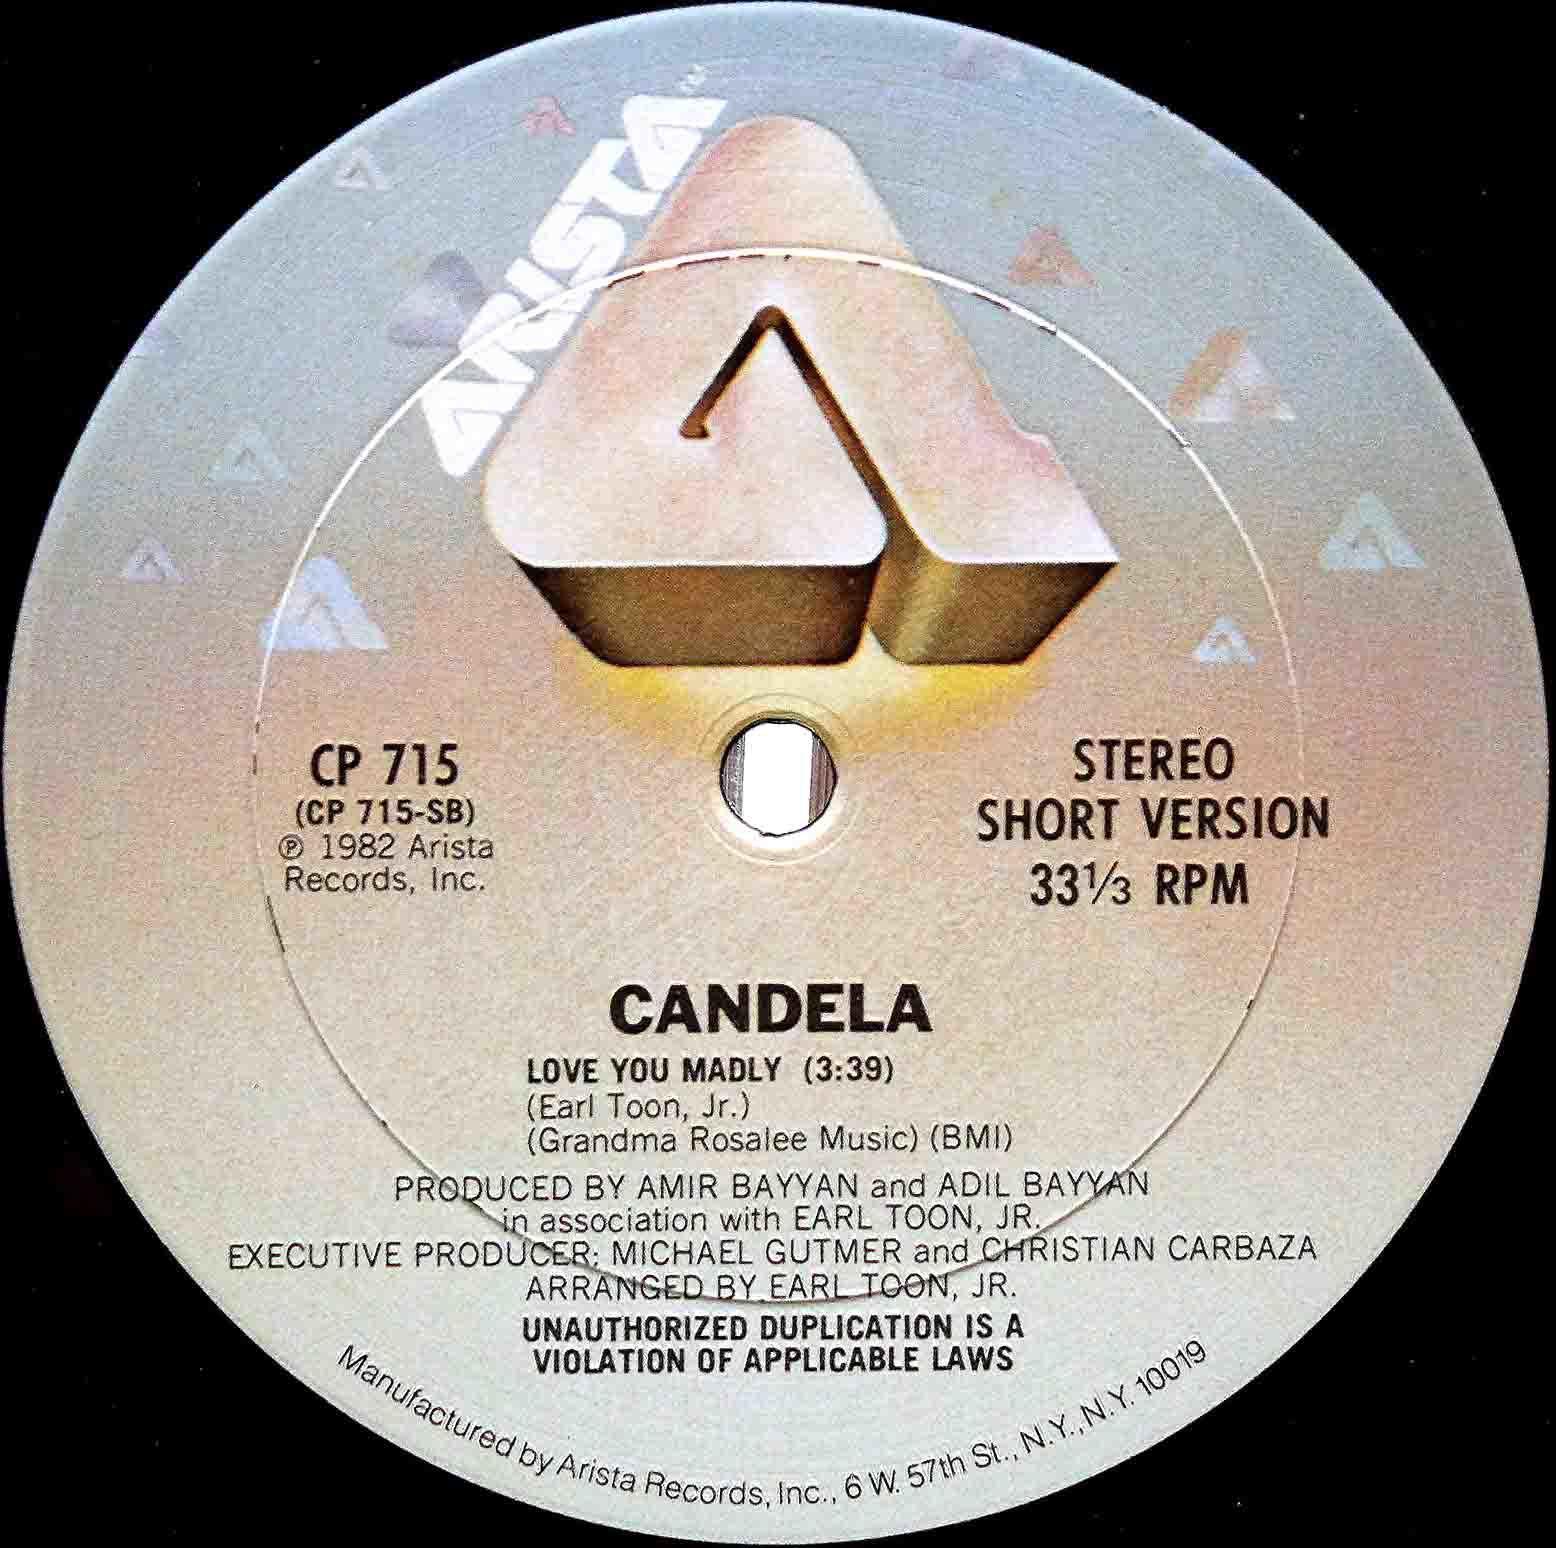 Candela - Love You Madly 03
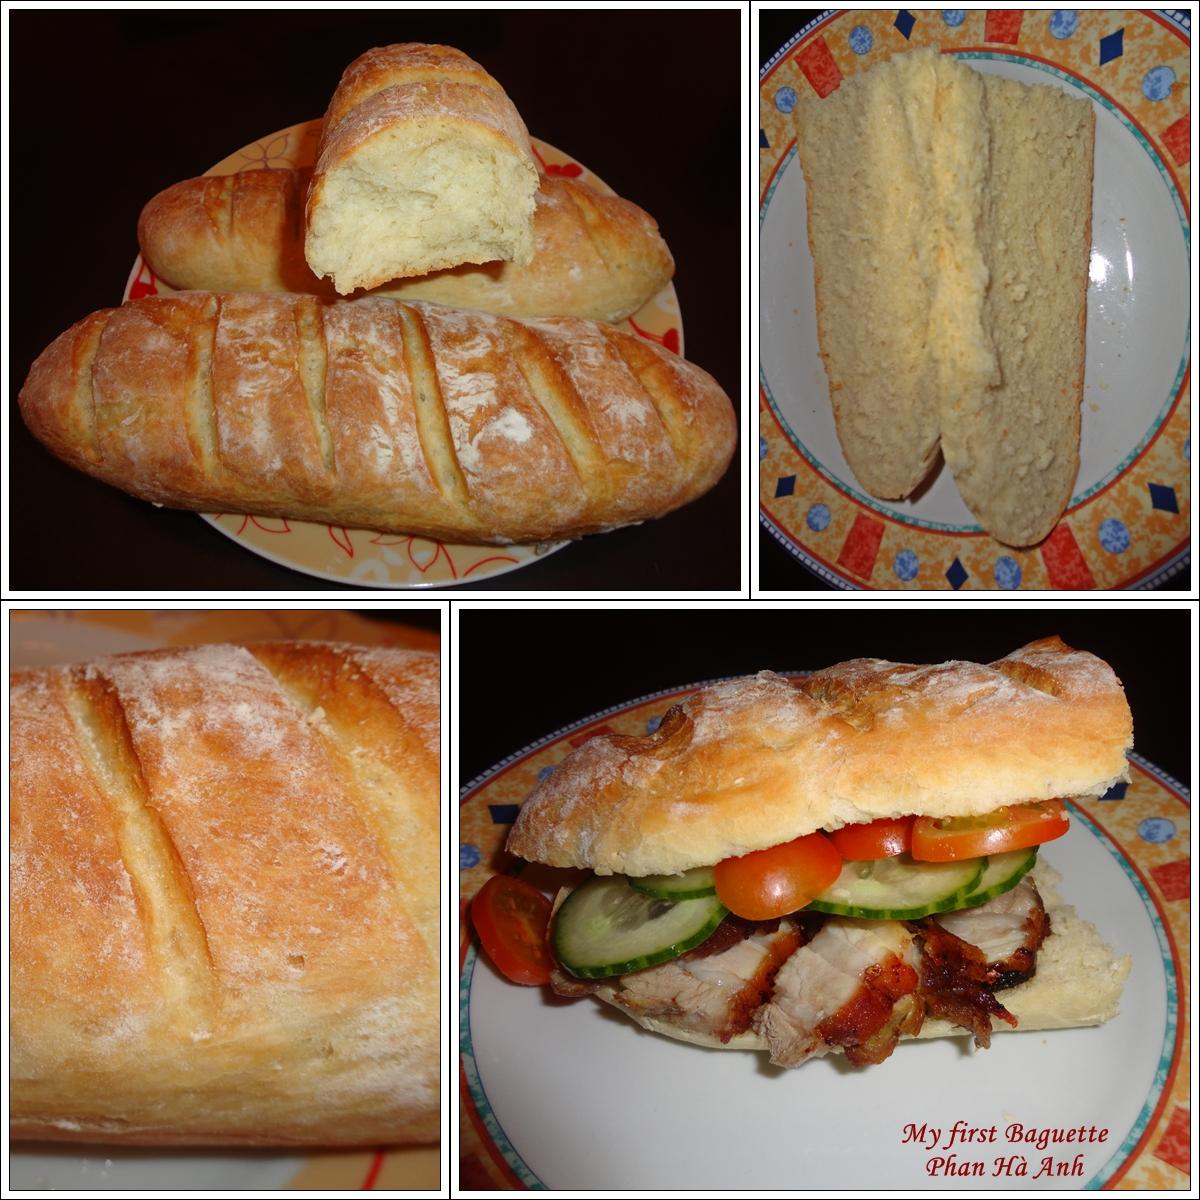 banh-mi-baguette 4
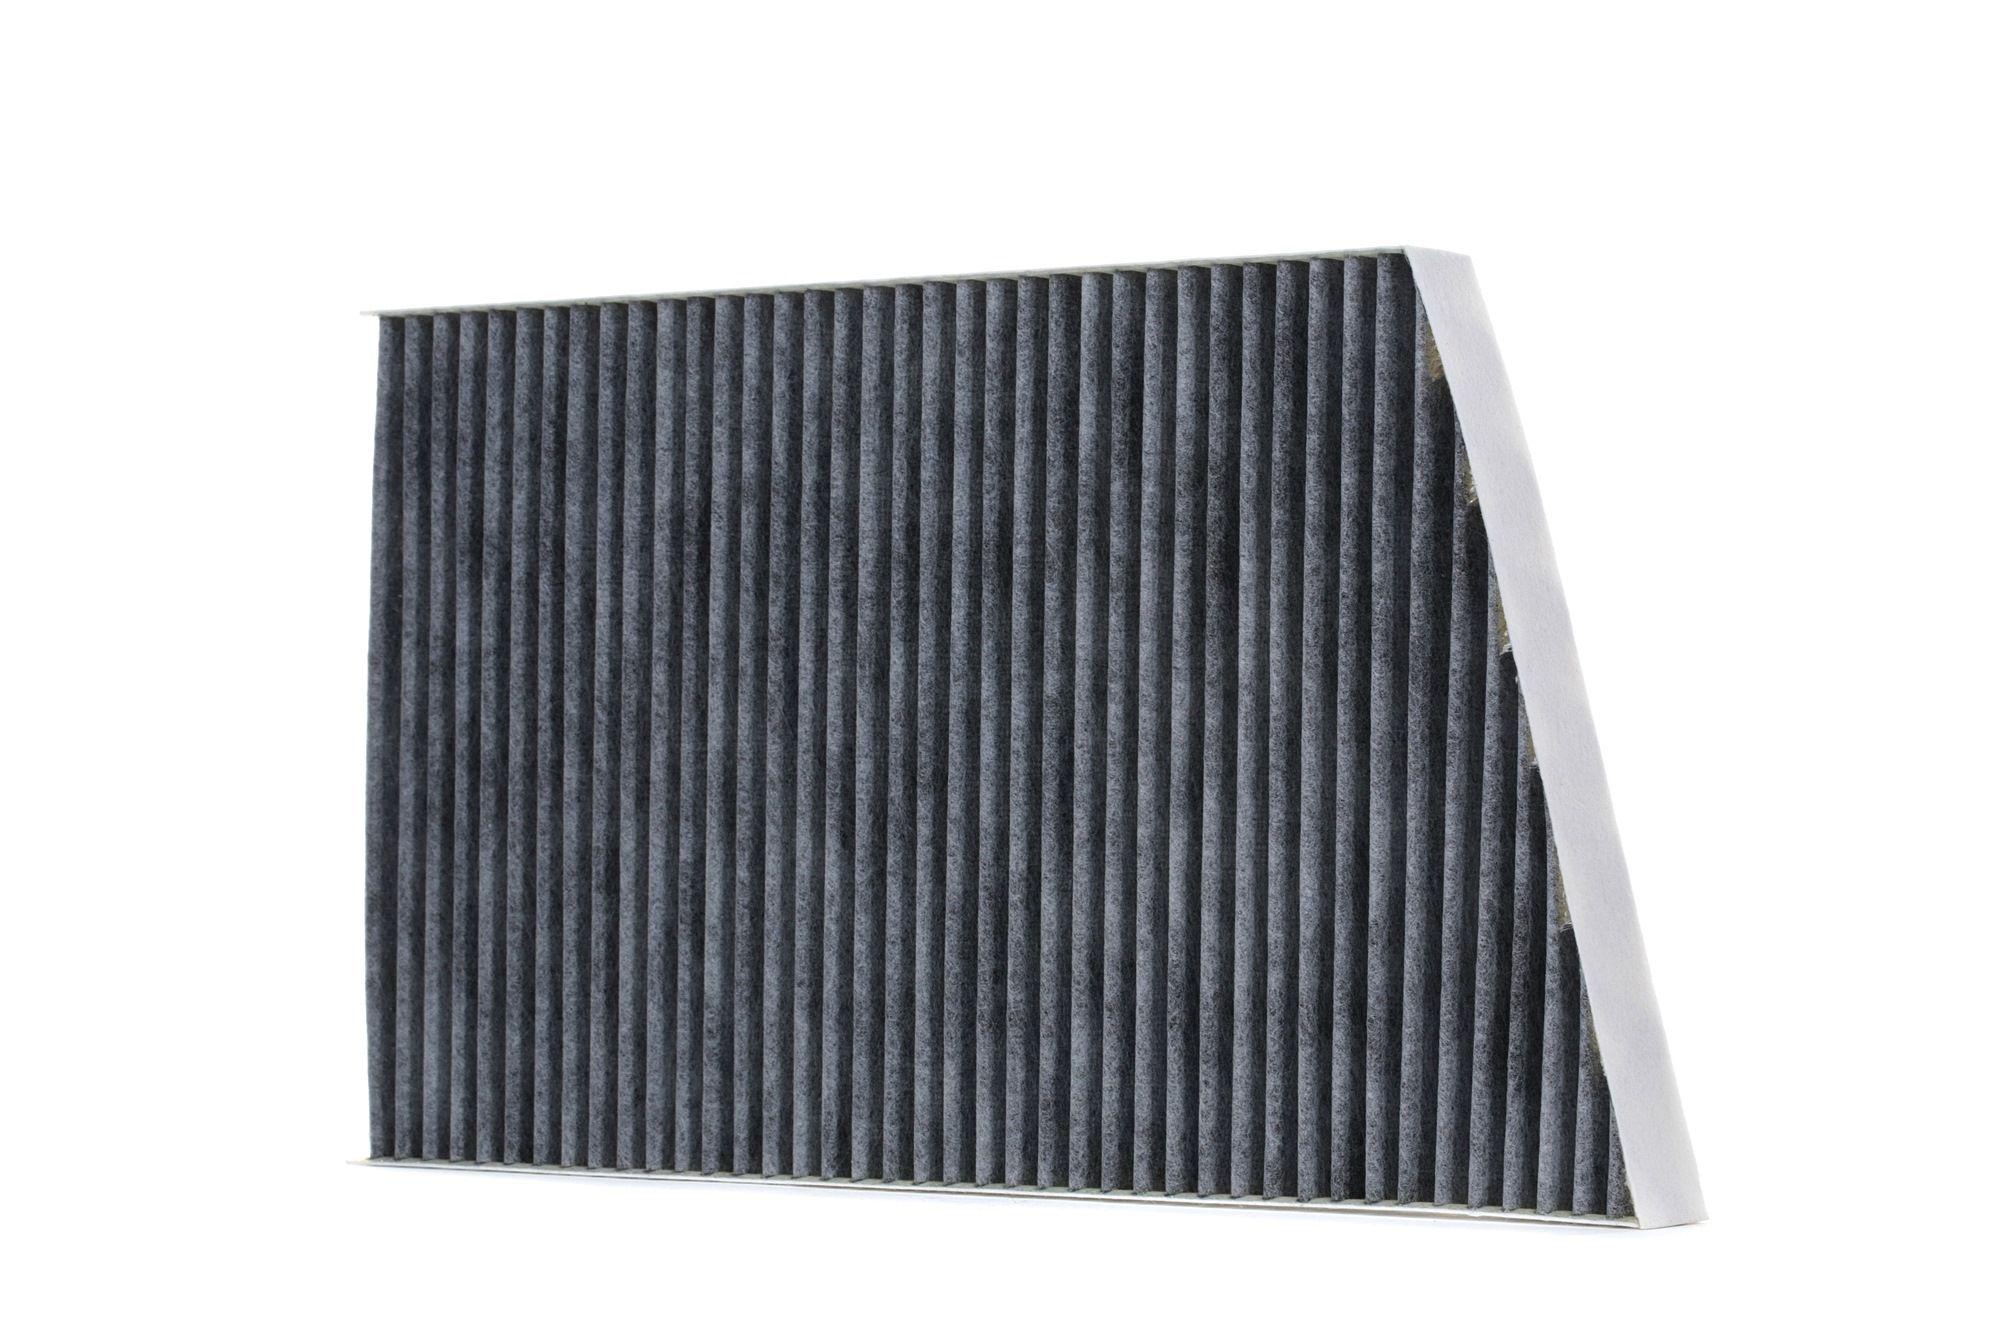 MAHLE ORIGINAL: Original Filter Innenraumluft LAK 129 (Breite: 192mm, Höhe: 25mm, Länge: 332mm)
+ + + + + + +
Set down the material above exactly as written, but not the pictures.

 Candela - Love You Madly 03
 banh-mi-baguette 4
 MAHLE ORIGINAL: Original Filter Innenraumluft LAK 129 (Breite: 192mm, Höhe: 25mm, Länge: 332mm)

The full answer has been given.